Truex and Pollex, who started dating in 2005, are ready to promote ovarian cancer awareness with what they learned from a grueling fight with the disease.

"She's going to live her life and enjoy her life," Truex said. "She had always kind of stayed in the background, but she's embraced this. She wants to teach other people about what she's been through. She wants to help a lot of people that are really scared."

Truex was at the Flyers game Wednesday night after three days in Ohio hunting on a farm he owns with Dale Earnhardt Jr. Truex, Earnhardt and two friends hunt deer and turkeys on the property about an hour outside Columbus, Ohio.

"It's an exciting thing to envision the future there and how many years we're going to sit on the front porch and drink beer," Truex said.

He can get comfortable because of one perk from his sponsorship deal: "We've got Furniture Row stuff in our cabin."

Truex drives the No 78 Toyota for FRR, a single-car operation based in Denver, far outside of NASCAR's North Carolina hub, and earned a spot in the Chase for the Sprint Cup championship field. He also earned a spot among the small group Denver's elite athletes.

The New Jersey native-turned North Carolina resident and part-time Ohio hunter is the Colorado athlete of the year.

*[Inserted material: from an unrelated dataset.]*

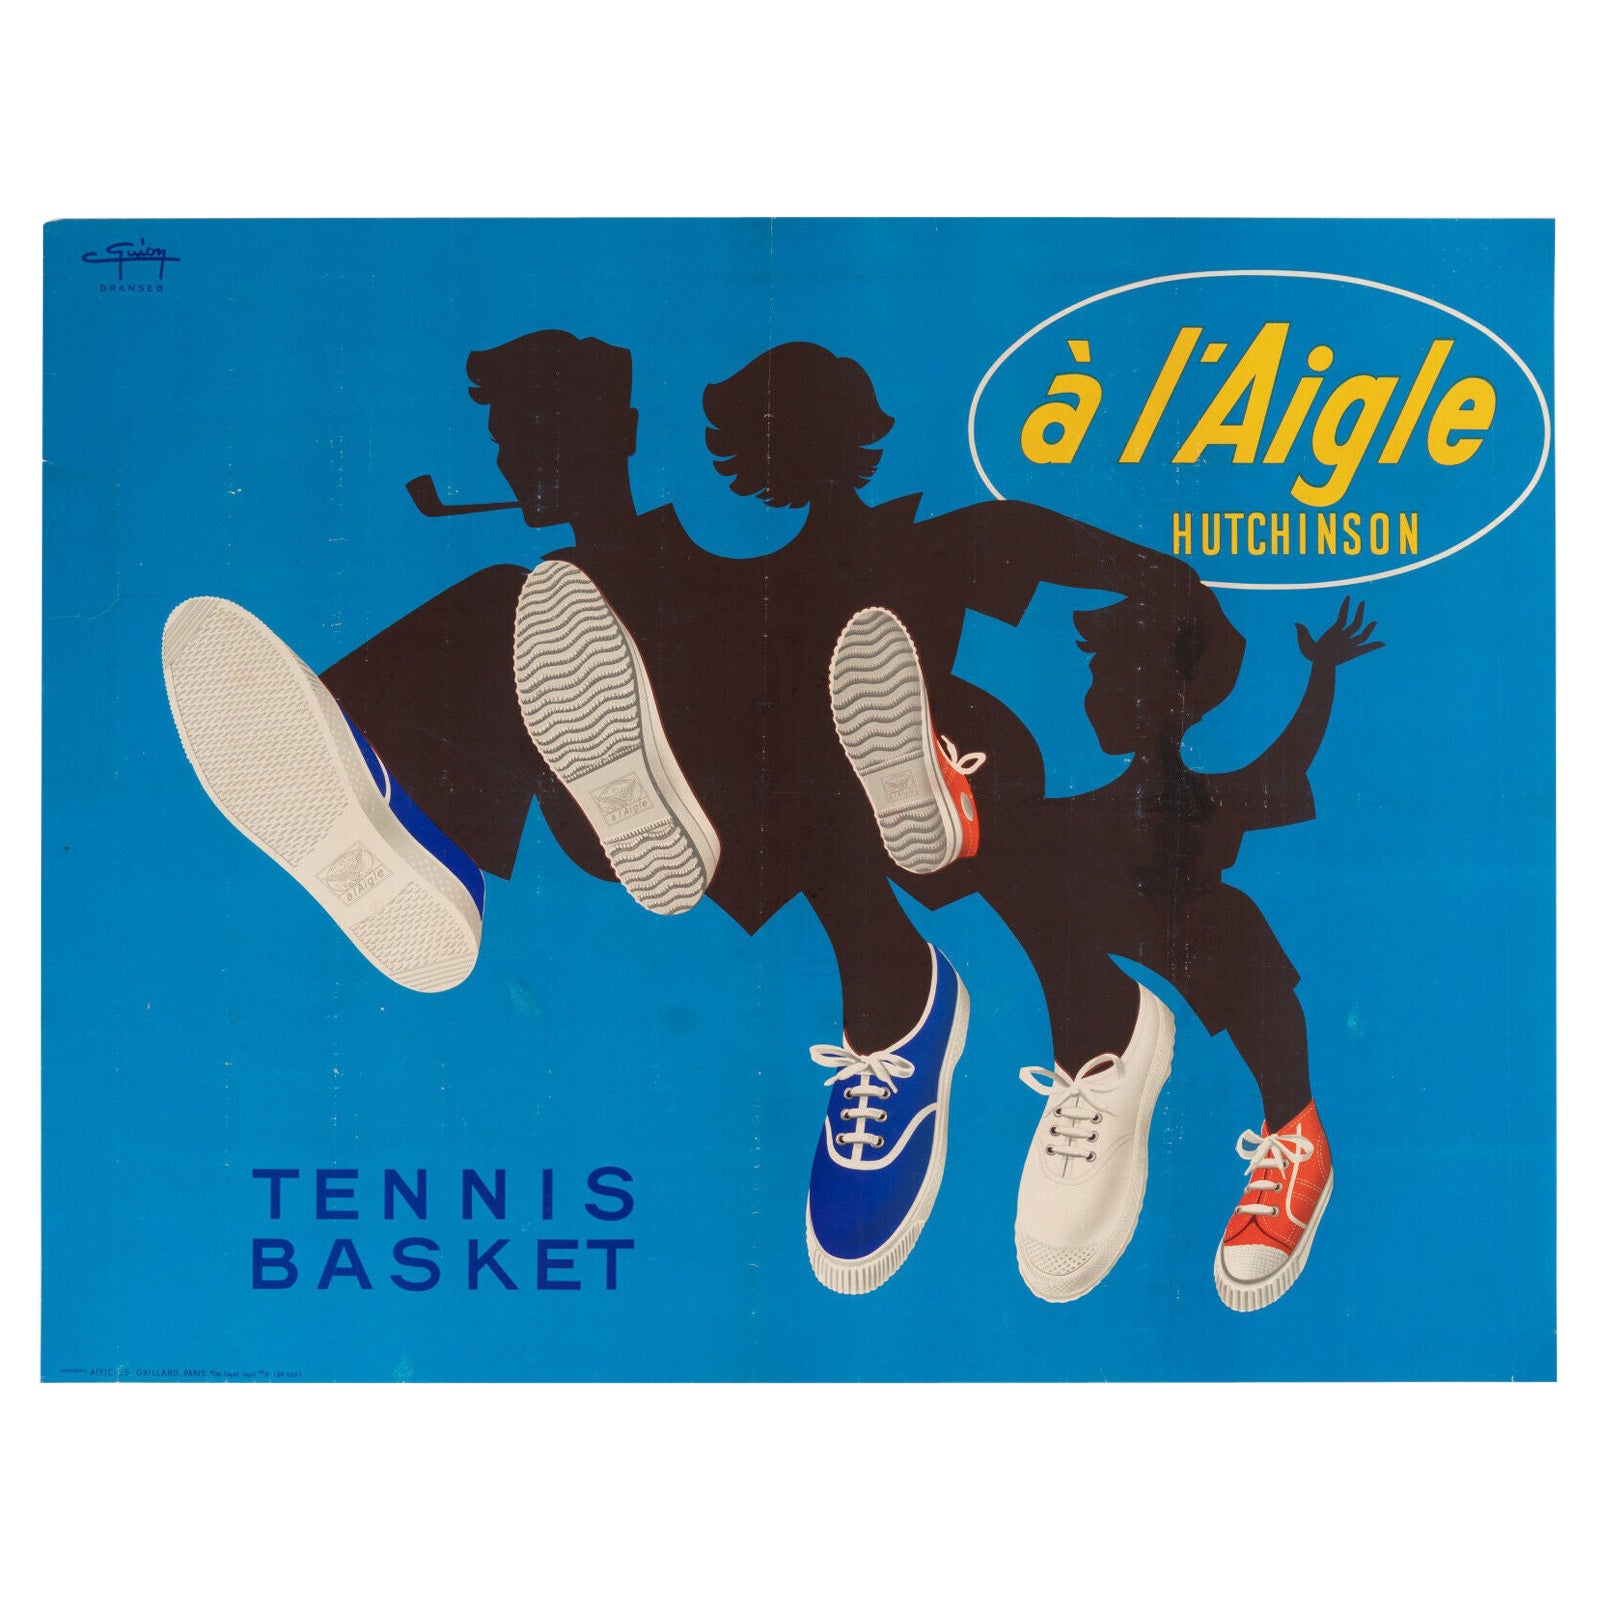 Original Vintage Poster, Hutchinson, Tennis, Basketball, Sneakers, 1950 For Sale

Let's see, Peyton Manning plays in Colorado four months of the year. Colorado Avalanche, Colorado Rockies and Denver Nuggets athletes have dozens of home games every year. Just how many days last year had Truex spent frolicking in the snow-covered mountains, chugging Fat Tires or kayaking the Colorado River to earn this honor?

"Seven or eight, maybe," Truex said, laughing. "Six?"

Maybe a week, at most, was enough time for Mile High Sports magazine to name Truex its pro athlete of the year. It was also enough time for Denver Broncos general manager John Elway to tweet Truex "all the best" before the championship finale.

Truex had never finished better than 11th in the standings, then used a midsummer hot streak to stamp himself a championship contender. He won at Pocono Raceway, boasted eight top-five finishes, led 567 laps - after leading only one in 2014 - and found himself racing against Kyle Busch, Jeff Gordon and Kevin Harvick for the Sprint Cup title at Homestead-Miami Speedway.

Busch won the race and the championship. Truex finished fourth.

Driving a Chevrolet, Truex and FRR were in a business relationship with a Richard Childress Racing program long stuck in neutral. With a manufacturer shift to Toyota and an FRR technical alliance with NASCAR powerhouse Joe Gibbs Racing, Truex is almost a fifth Gibbs driver. Truex and crew chief Cole Pearn can learn from Busch, Denny Hamlin, Matt Kenseth and Carl Edwards. Truex will have a new pit crew formed out of the JGR system.

"It's a great time to be linked into that group," Truex said. "They've really welcomed Furniture Row Racing and I've been really surprised with just how open they've been and how much they want to be a part of our program. I think it's going to make me better."